This study provides a fundamental insight into molecular mechanisms underlying the hematopoietic environment essential for immune cell development and its function and prompts future studies linking the ECM landscape with the hematopoietic pocket formation and hemocyte development.

Essential revisions:

1) The precise quantitation of data and presenting proper controls will enhance the clarity of the manuscript.

1.1) Figure 1C-D': In Figure 1E, the authors quantified FBAH in imaged fat bodies. However, the number of fat body cells per one image could be variable depending on the size of the fat body, dissecting methods or imaging and so on. For example, the mean value shown in Figure 1E is different from Figure 2I even though these data represent the same genotype. It will be important to deliberate on the precise quantitation method for the FBAH phenotype as it is one of the most important findings described in the manuscript.

We expanded the Materials and methods section to accurately describe how the quantifications were performed. The area of the fat body assessed throughout the study and across the different genotypes was specifically selected because of its flat surface and absence of additional tissues that can associate with this organ (such as salivary gland in the anterior part or the gonads or tracheae at the posterior end). Furthermore, while structural variances could indeed be observed in response to manipulating various genes, such as SPARC or vkg, the overall size of the adipose tissue was not noticeably affected by co-expression of additional transgenes with UAS-Atf3WT.

Regarding the differences in FBAHs numbers in Figure 1E and Figure 2I, we consider different food composition as an important and likely source of variability in the number of FBAHs between the two datasets mentioned. The wasp infection experiments were performed in the lab of Dr. Tomas Dolezal (University of South Bohemia, Czech Republic). This means that flies/larvae were reared on different fly food than the larvae throughout the manuscript. The numbers therefore should be interpreted within the context of the particular experiment. We now describe in detail the experimental setup for the wasp infestation experiments in the Materials and methods section including the fly food composition.

1.2) The control shown in Figure 1E is identical to the one shown in Figure 2I and Figure 3—figure supplement 2E. It will be essential to ALWAYS repeat relative controls side by side with associating experiments.

The control numbers (indicated in gray) were repeated because these genotypes were dissected and quantified as parts of the same experiments to allow comparison across genotypes. To align with the order of the data presentation, the data had to be “artificially” split. We now provide additional data with separate controls for each experiment shown. In the case of Figure 3K and Figure 3—figure supplement 1I we indicate in the supporting datasets that the results belong to the same experiment.

1.3) Figure 2J-K', the number of lamellocytes and the percentage of melanotic capsule formation need to be quantified.

We now include the quantification of lamellocytes (Figure 2J). The capsule formation rate cannot be assessed as the wasp infestation experiments were performed in the lab of Dr. Tomas Dolezal (University of South Bohemia, Czech Republic) that is currently not accessible to us due to the travel ban for the University of Cologne employees due to COVID-19 pandemic. We would like to note that the data shown in Figure 2J-O was only included to indicate that lamellocyte differentiation and encapsulation is not noticeably affected in C7>Atf3WT larvae, and we did not intend to draw conclusions about the efficiency of the immune response. We adjusted the wording of the manuscript to indicate this.

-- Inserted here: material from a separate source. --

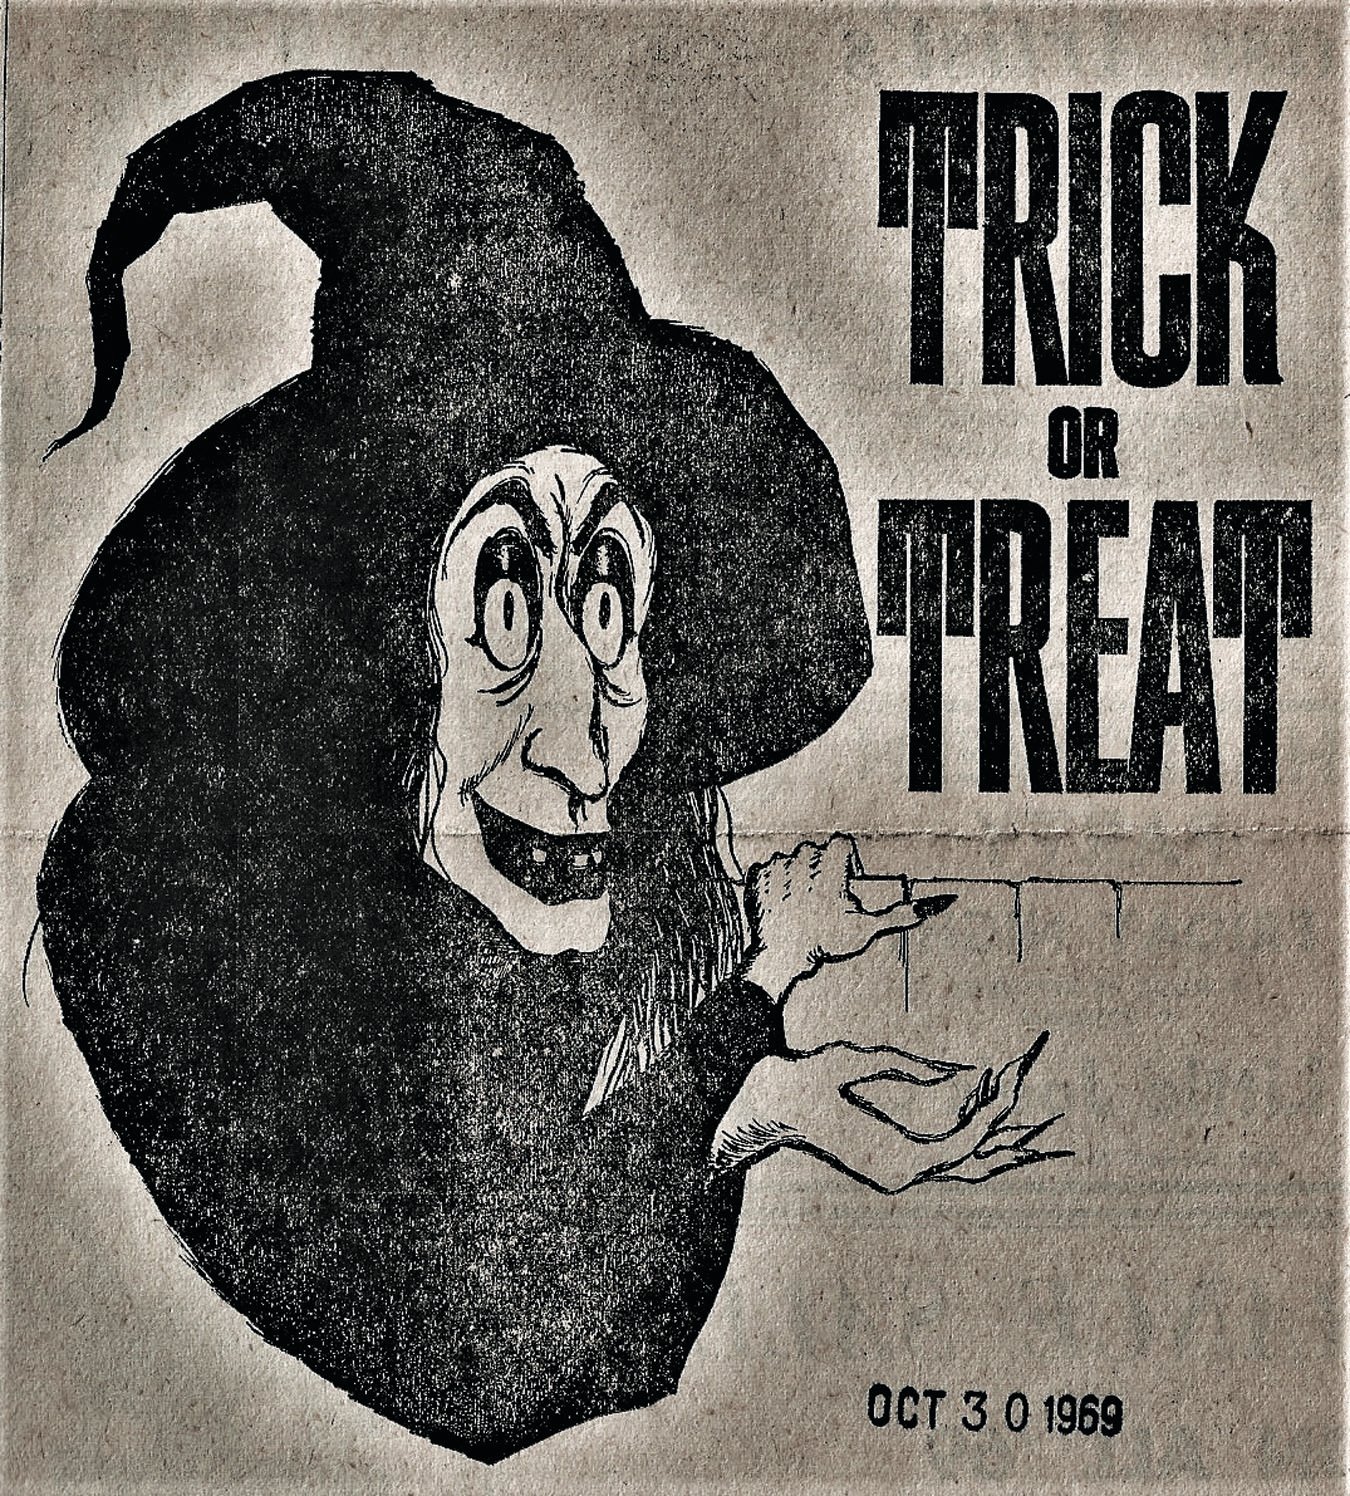 This is the decoration on the Halloween Trick or Treat bags provided in October 1969 by the Daily Intelligencer.

1.4) In the same vein, Figure 3—figure supplement 1C-K' requires proper quantitation with enough biological replicates (n) to draw a conclusion.

We performed the quantifications which are now included in Figure 3—figure supplement 1I and reflect on the data in the text.

1.5) Figure 1A-B, Figure 3G-H, Figure 4A,G,H, Figure 4—figure supplement 1A-F, Figure 5C-D: authors have shown the relocation of sessile hemocytes. Again, it is one of the main phenotypes shown in the paper; however, none of these are quantitated. The patterns of sessile hemocytes are quite variable even amongst controls. Therefore, authors need to quantify the phenotype with their own measure and with enough sample size.

We devised a quantification method of the sessile hemocyte patterns based on image analysis. The description of the quantification method is now included in the Materials and methods section. The results are included in the relevant figures. For data shown in Figure 4—figure supplement 1A-F, we adapted relevant statements in the Results section.

1.6) In Figure 4D-E': though it has been shown in the previous study that eater is essential for the hemocyte homing and that eater is primarily expressed in hemocytes, C7-gal4, hml-gal4 (dual gal4) is a different genetic background and can cross-react. Therefore, additional controls (C7-gal4, hml-gal4/+, C7-gal4, hml-gal4; eater RNAi) are required at least to be represented as quantitation data.

We performed quantifications comparing C7>Hml>Atf3WT and C7>Hml>Atf3WTeaterRNAi and included the results in the manuscript and in Figure 4H-J.

2) It is not clear whether the overall hemocyte number (or hemocyte development) is changed upon Atf3_WT or Mp::GFP expression, which may, in turn, modify the circulating or sessile hemocyte population.

2.1) Figure 2C: To claim whether the epidermal sites are more supportive of the proliferation of hemocytes than those in the fat body, the ratio of mitotic cells needs to be quantified as shown in Makhijani et al., 2017. And without showing the number of total hemocytes, it is hard to understand which site is more prominent in the proliferation and differentiation of hemocytes.

The manuscript does not state that “the epidermal sites are more supportive of the proliferation of hemocytes than those in the fat body”, only that the epidermally associated hemocytes proliferate more than freely circulating ones, citing the data and conclusions from Makhijani et al., 2017. Our intention was to determine the behavior of hemocytes on the fat body surface, and the phenomena of hemocyte proliferation and plasmatocyte-crystal cell trans-differentiation are indicative of an unchallenged, homeostatic hemocyte developmental program.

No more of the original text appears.